Thus, our results confirm that the phenotypic variance of FE and growth traits is better explained by the host additive genetic effects than by the microbiota effects, as already reported in the literature [12, 33]. In contrast, the phenotypic variance of the DE traits was better explained by the microbiota effects than the host genetics effects, especially for pigs fed the HF diet.

Partition of the variance between the microbial covariance matrix and the genomic relationship matrix

In this study, the \(m^{2}\) and \(h^{2}\) estimates obtained in the Micro+Gen model did not significantly differ from those obtained in the Gen and Micro models for all traits. In addition, the rank correlations of EMV between the Micro and Micro+Gen models were close to 1 for all traits. Similarly, the rank correlations of GEBV between the Gen and Micro+Gen models were close to 1 for the FE traits. To our knowledge, only the study of Aliakbari et al. [33] found non-significantly different \(m^{2}\) and \(h^{2}\) estimates between models that fit the effects jointly and separately. Our study did not suggest microbiota-host confounding for FE traits in pigs. We observed a slight reranking for the DE traits but to date no other study has reported \(h^{2}\) and \(m^{2}\) estimates for DE traits using a model that fits the microbiota and host genetics effects jointly. David and Ricard [35] showed that accounting for all the effects that could be partially confounded with a genetic additive effect is necessary for accurate EBV predictions. Thus, one hypothesis is that the addition of microbial information in the model allows a better estimation of the GEBV, which could be the case for the DE traits. However, taken together, our results do not allow us to conclude whether partial confounding between the microbiota and genomic effects is present or not in the models that fit the effects separately. In addition, the comparison of the models in our study was based on the BIC only, while the accuracy of predictions of GEBV and EMV should also be used since they can affect the reranking of GEBV and EMV. For carcass composition and meat quality traits, Khanal et al. [36] observed that the genomic variance was eroded when microbiota information was included in the model, which suggested a possible overlap between the microbiota and host genetics effects. To consider this potential confounding between microbiota and genetic effects, Khanal et al. [36] included a genetic-by-microbiota interaction term in the model, in order to separate the transmissible and non-transmissible components of the microbiota. Similarly, Weishaar et al. [14] and Christensen et al. [37] proposed formal decompositions of the microbiota contribution to trait variances into genetic and non-genetic components. These methods could better separate and explain the GEBV of traits that are influenced by both the microbiota and the host genetics.

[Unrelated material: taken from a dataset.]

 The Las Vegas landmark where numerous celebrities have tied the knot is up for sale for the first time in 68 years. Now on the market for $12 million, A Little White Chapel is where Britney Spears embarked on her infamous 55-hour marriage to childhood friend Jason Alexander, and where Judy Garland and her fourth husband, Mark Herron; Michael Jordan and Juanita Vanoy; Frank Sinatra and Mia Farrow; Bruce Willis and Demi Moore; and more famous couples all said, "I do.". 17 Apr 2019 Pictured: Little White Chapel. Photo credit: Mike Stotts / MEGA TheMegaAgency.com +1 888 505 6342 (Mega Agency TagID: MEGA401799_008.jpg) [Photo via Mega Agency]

The Micro+Gen model was the best in terms of goodness-of-fit for all traits except for ADG for pigs fed the CO diet and for FCR for pigs fed the HF diet. This result suggests that the microbiota and the host genetics provide complementary information to better explain the variances of FE and DE traits. To confirm this, the predictive ability of the Micro+Gen model to predict phenotypes should be estimated and compared with that of the Micro and Gen models. Using simulated phenotypes in cattle, Pérez-Enciso et al. [38] showed that including both microbiota and genome data in the model could increase the predictive accuracy by 50%. In addition, such comparisons could confirm if a model that fits jointly microbiota and genomic effects can help better predict digestive and feed efficiency phenotypes than models fitting each effect separately. Indeed, Maltecca et al. [39] suggested that microbiota can be used to predict phenotypes for growth traits in swine that are fed easy-to-digest diets. Camarinha-Silva et al. [12] showed that microbiota predictions tended to be more accurate than genomic predictions for ADG, FCR and DFI, although not significantly. For DC of dry matter, organic matter, crude protein and non-starch polysaccharide, Verschuren et al. [15] found that the accuracies of microbiota predictions were high (from 0.42 to 0.63).

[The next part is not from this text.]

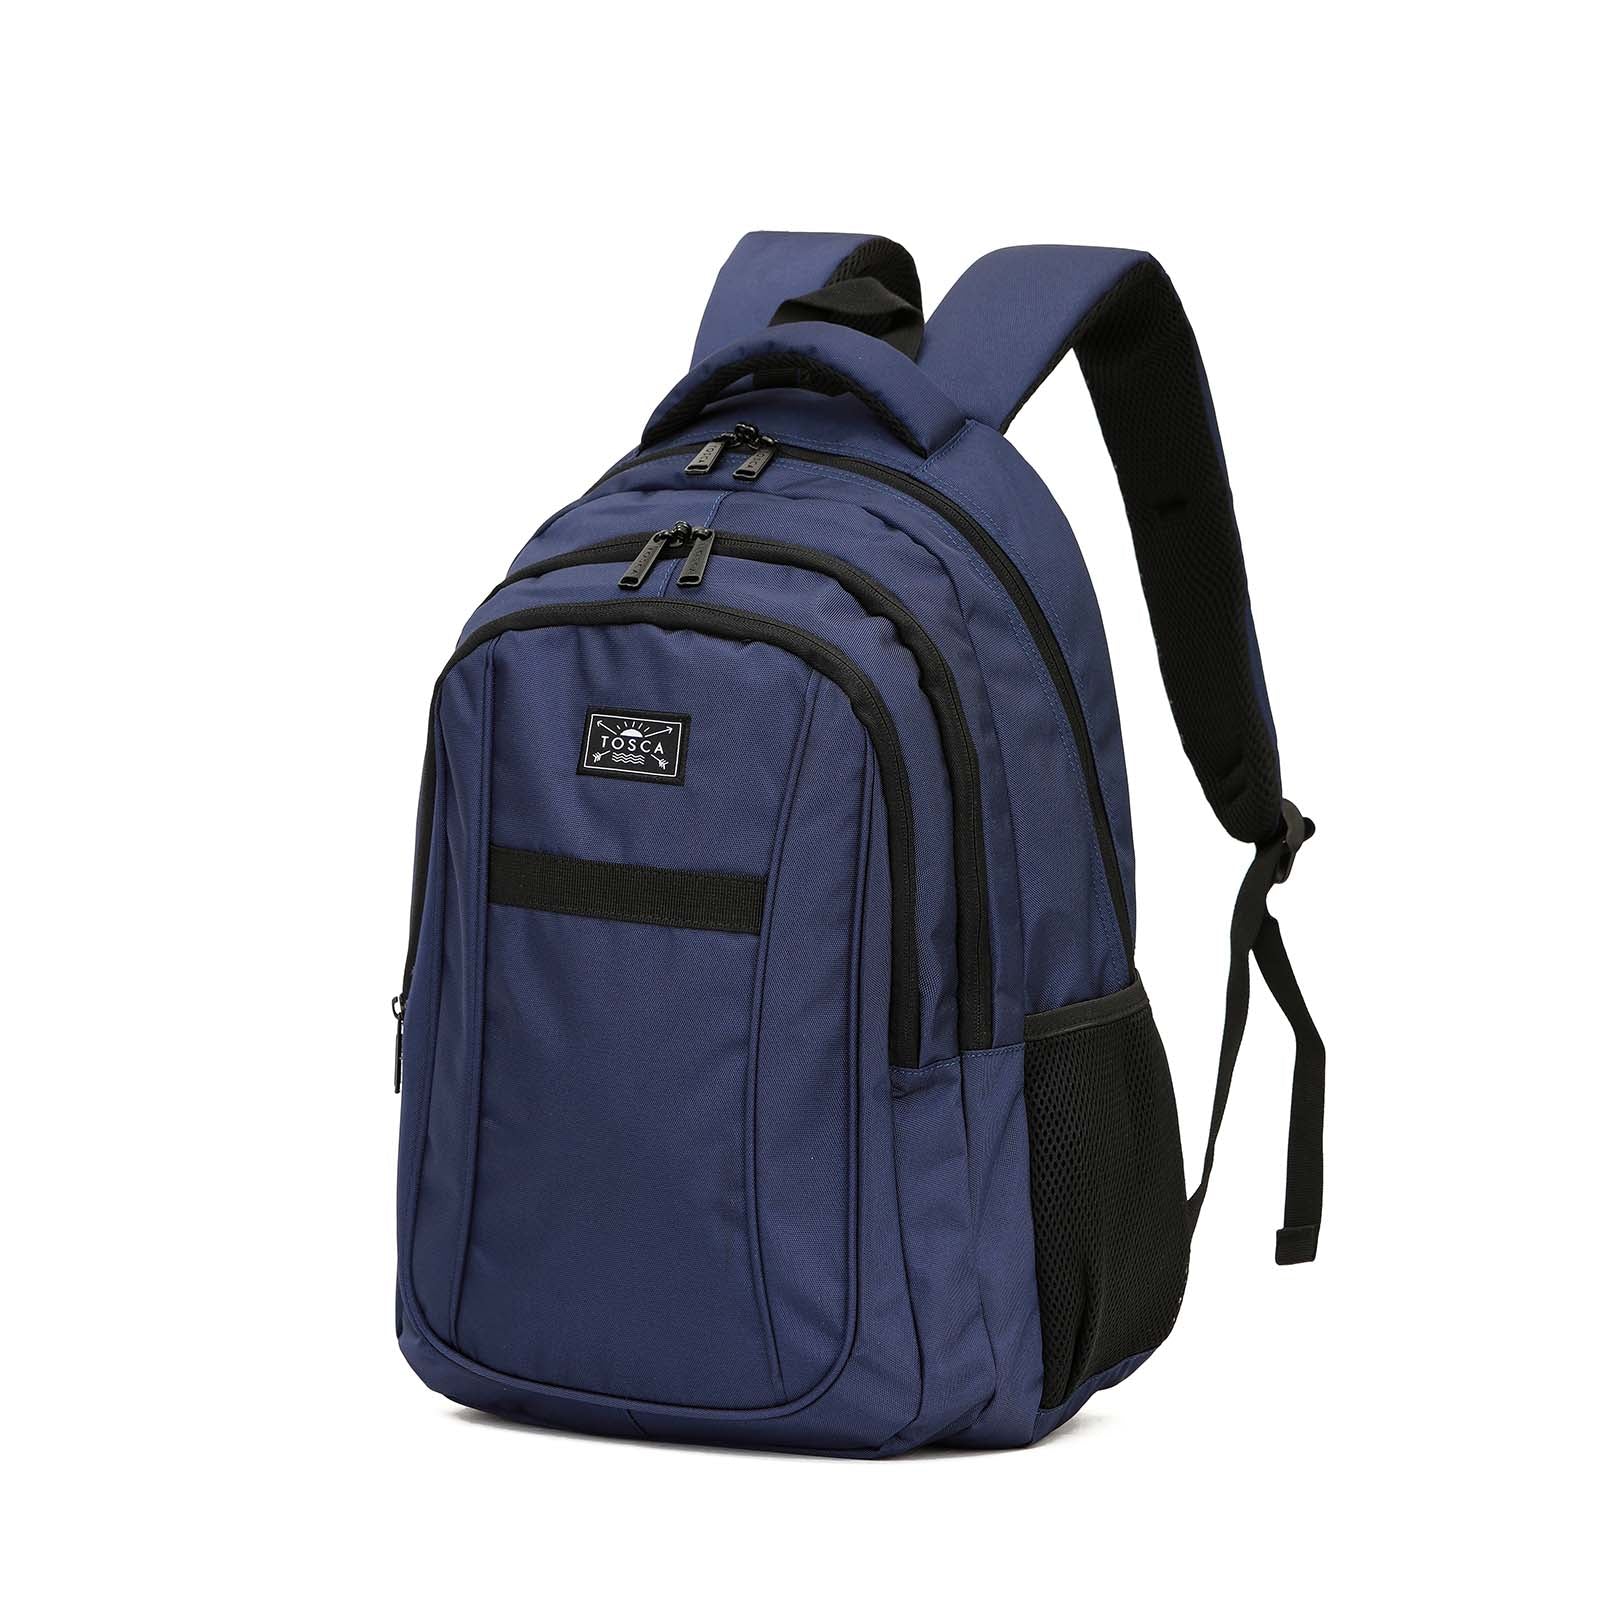 tosca-multi-compartment-laptop-backpack-35l-navy-front-angle

Methodological developments for the efficient use of microbiota data

Impact of OTU filtering

For the DE traits, the number of OTU used to construct the microbial covariance matrix, for both the CO and HF diets, significantly impacted the \(m^{2}\) estimates. Therefore, the larger is the number of OTU considered, the larger is the proportion of variance of the DE traits explained by the microbiota. This finding is consistent with the high genetic correlations estimated between microbiota diversity indices and DE traits (from 0.88 ± 0.12 to 0.91 ± 0.13) as reported by Déru et al. [9]. Thus, many OTU are required to explain the phenotypic variation of DE traits, thus imposing strict editing rules eliminates relevant information that contributes to the variation of DE traits.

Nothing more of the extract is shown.